Additional examples of this exist here in my home state of Indiana. Right now, for instance, I am temporarily staying in the Middle of Nowhere, Indiana which is a mere half hour from Milan, Indiana. That’s pronounced “My-land,” for those of you who, when you first read the word, foolishly thought to yourselves, “Me-lawn”. I feel confident in saying that most of the people who live in Milan, Indiana cannot even conceive of Milan, Italy, of what it has produced and the place it holds in history. I’m equally confident that these humans have no idea why the Travel Channel or the Discovery channel is included in their cable package. If you can’t watch the Bengals on it and scream “Who dey” at the television, what’s the point?  I’m also just a hop, skip and a jump (times a million), or about a half hour, from Versailles, Indiana. Of course, that would be “Ver-sales.” Stop laughing. I’m not making this stuff up. They look at you like you are an idiot if you say it any other way.

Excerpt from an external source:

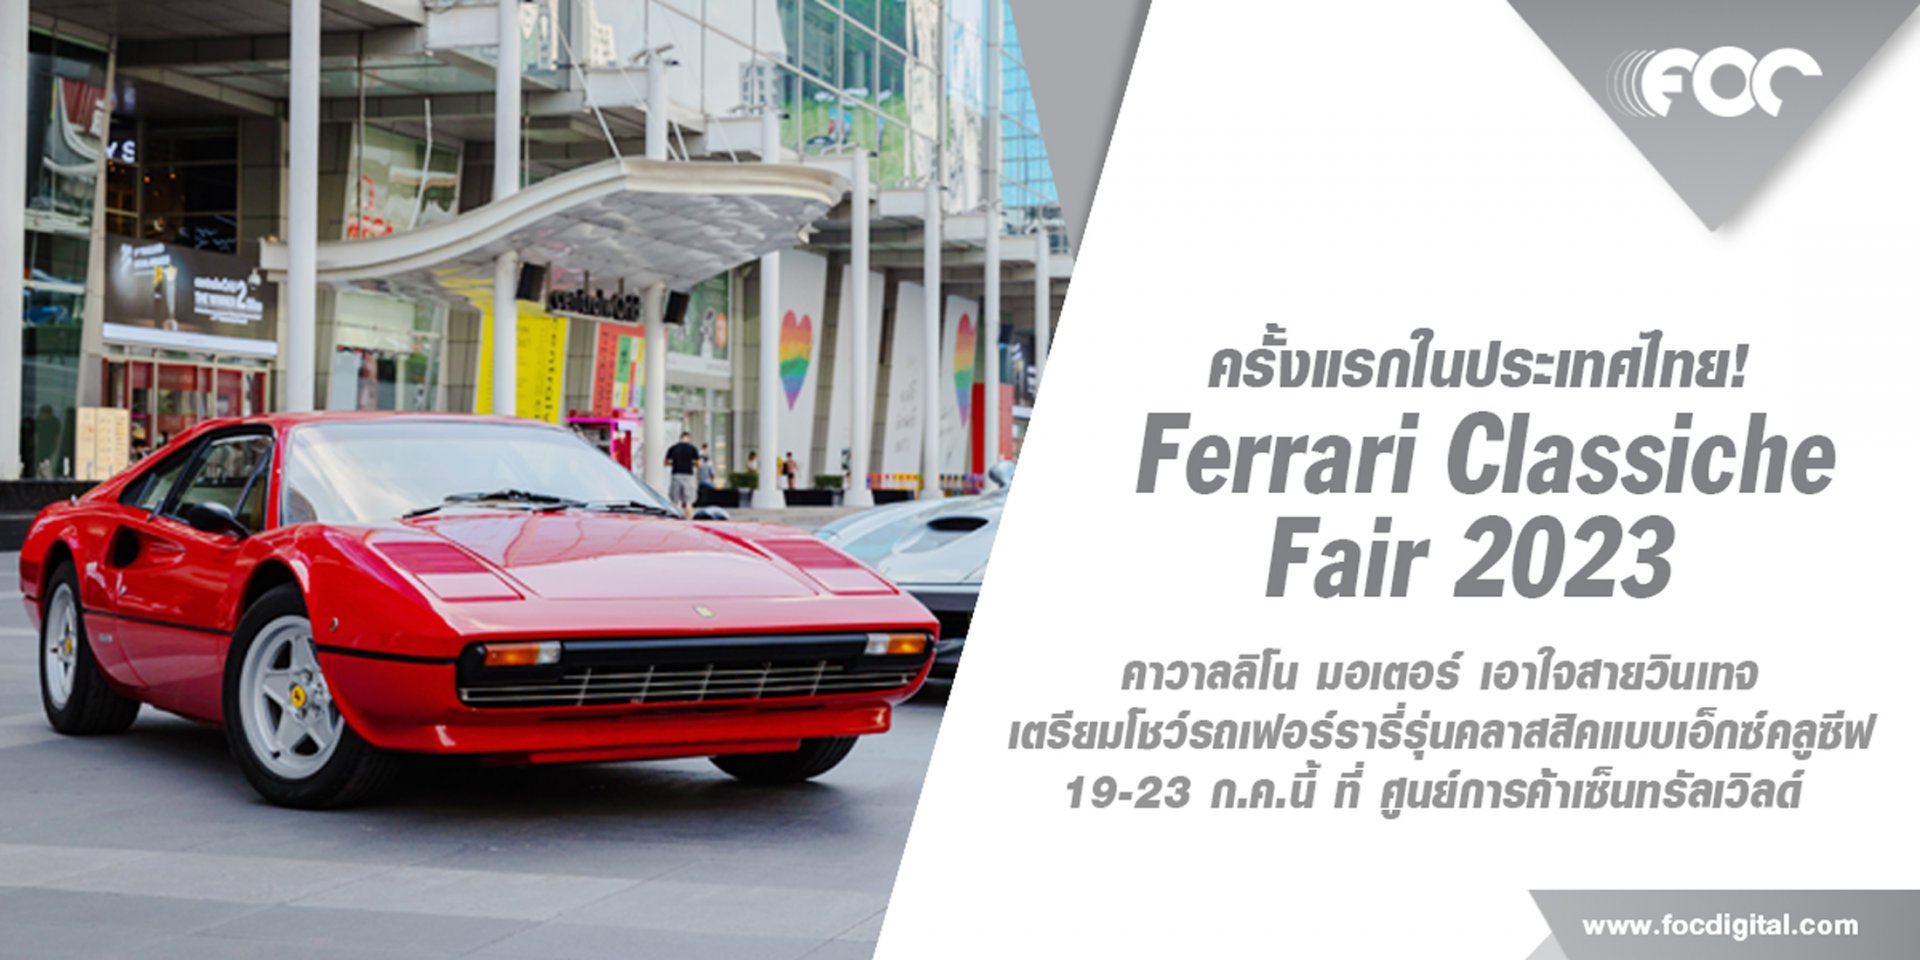 ครั้งแรกในประเทศไทย! คาวาลลิโน มอเตอร์ เอาใจสายวินเทจ  เตรียมโชว์รถเฟอร์รารี่รุ่นคลาสสิคแบบเอ็กซ์คลูซีฟ มูลค่ารวมกว่า 350 ล้านบาท ในงาน “Ferrari Classiche Fair 2023”

So, apparently, in keeping with the parlance of the day, I’m a Muslim. This is obvious because I AM a terrorist. Just ask anyone. I box ankles without reservation, take it upon myself to destroy anything in my purview with which I disagree and generally rain fear down all around me. At least, that’s my goal. It was easier when I still had my front teeth. (Damn those abscesses.) I also fully support the terrorist actions of others. Earlier this week Samwise Bunny chewed a huge hole into the side of a Samsonite carry-on and ate right through the handle. I was impressed. Just like al Jazera, I’m posting this photo on my site.

Sam's Suitcase

Domestic Terrorism (Sam is from Kentucky)

Now, I know many of you are saying, “This can’t be! Arliss isn’t a Muslim. She is a known follower of the Great Pumpkin. We made a HUGE, overblown, mountain-out-of-nothing about this just two years ago when we decided she was following a Great Pumpkin preacher that we didn’t like. We published a bizillion photos of her with her Great Pumpkin preacher. We spent millions of dollars of valuable network time talking about it. We had a special chyron!”

I say, “chyron shmyron!” because in addition to being a Muslim, I am not qualified to be the President of the United States. You see, I don’t wear my birth certificate on my forehead and my mother was an ENGLISH lop so, clearly, despite the wealth of evidence associated with my domestic birth, including the testimony of several humans who were present, my thrice verified birth certificate and local newspapers of the day which noted my birth, I am still considered foreign-born by a full 30% of the population.

Beer Good, Education Bad

Chart 1: Beer Good, Education Bad

I am even further unqualified to be President because you don’t think you would want to have a beer with me. You think I’m too smart, too educated and not at all like you and we all know how qualified YOU are to be President. OBVIOUSLY, when you compare the essential requirement of beer-buddy to the frivolous extravagance of intelligence and education, there is no question what-so-ever that I am not Presidential material. Since I don’t have a chalkboard, here’s a handy chart.

But let’s be clear here, I AM a terrorist. “No!” you say?

You don’t know me. I’m THAT disapproving*.